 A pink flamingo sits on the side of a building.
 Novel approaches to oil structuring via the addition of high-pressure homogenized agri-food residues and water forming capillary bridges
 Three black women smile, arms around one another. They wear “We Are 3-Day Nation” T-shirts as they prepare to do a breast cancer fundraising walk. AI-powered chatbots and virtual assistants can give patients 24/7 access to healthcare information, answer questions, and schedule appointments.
--
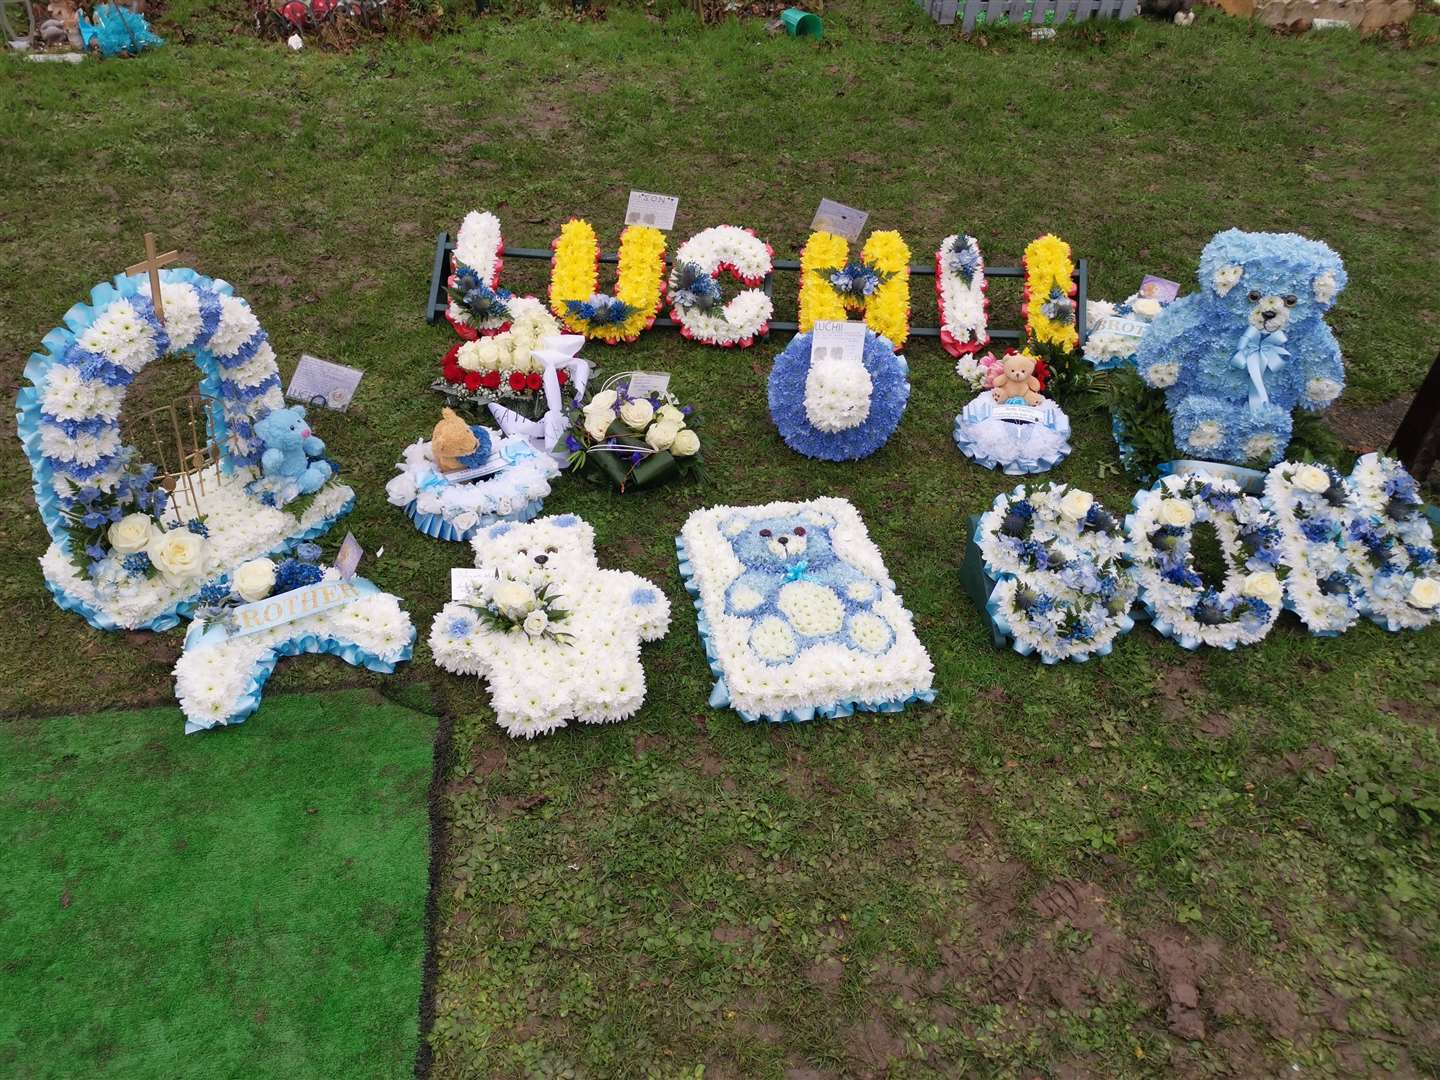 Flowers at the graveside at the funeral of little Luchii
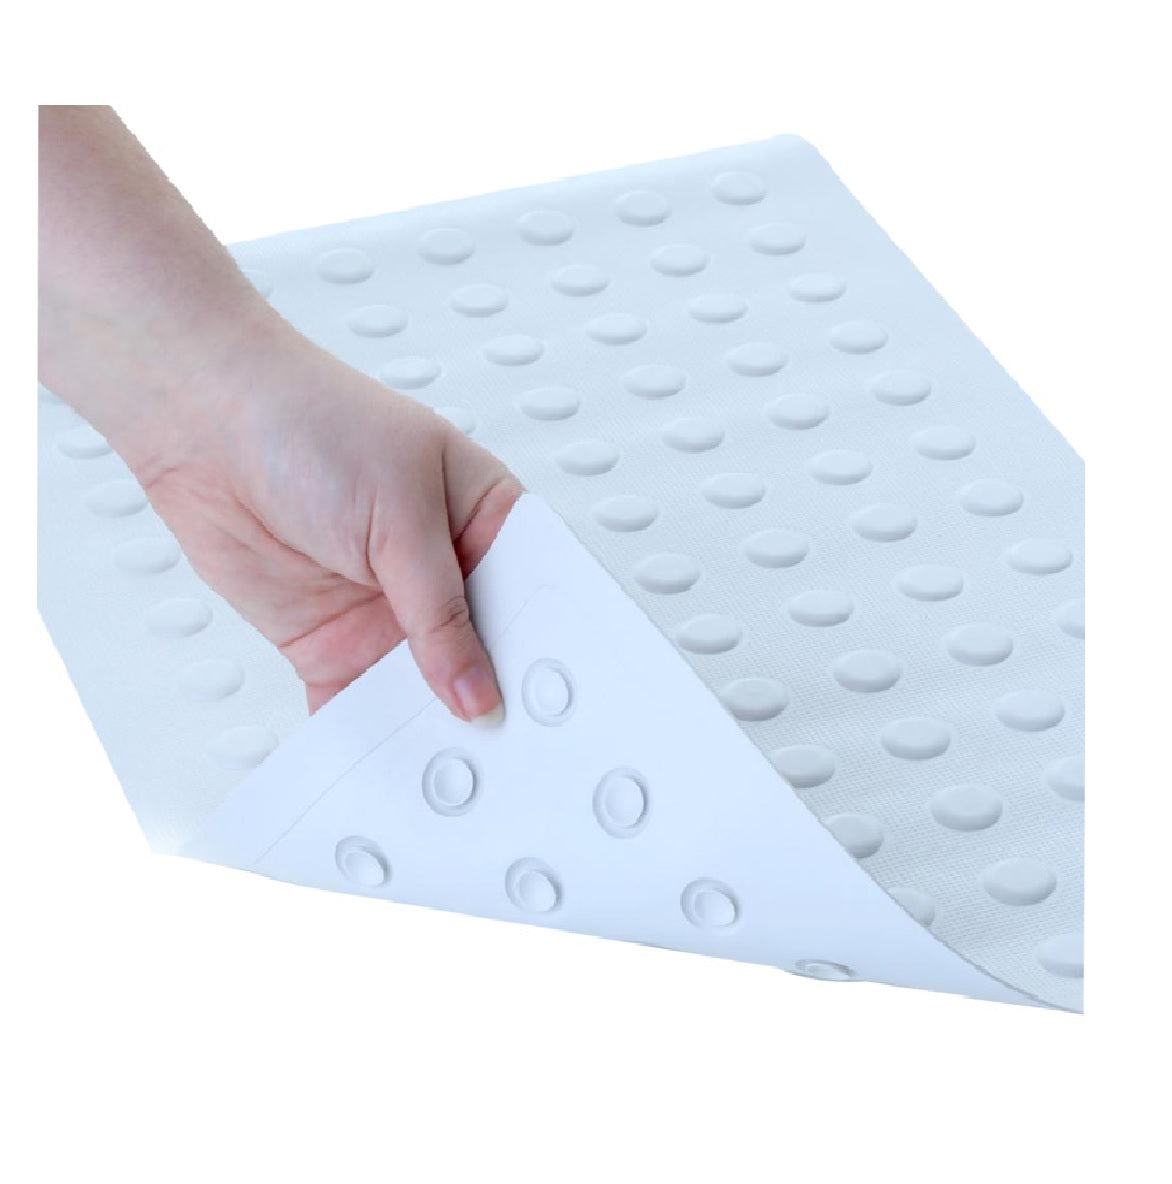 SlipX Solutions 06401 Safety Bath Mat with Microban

▸ **Task to carry out**:
The stretch of entries above that starts with the line containing "A pink flamingo" and goes on through the line containing "Novel approaches to" is to be transcribed exactly, and no other line is to be transcribed.

▸ **Solution**:
 A pink flamingo sits on the side of a building.
 Novel approaches to oil structuring via the addition of high-pressure homogenized agri-food residues and water forming capillary bridges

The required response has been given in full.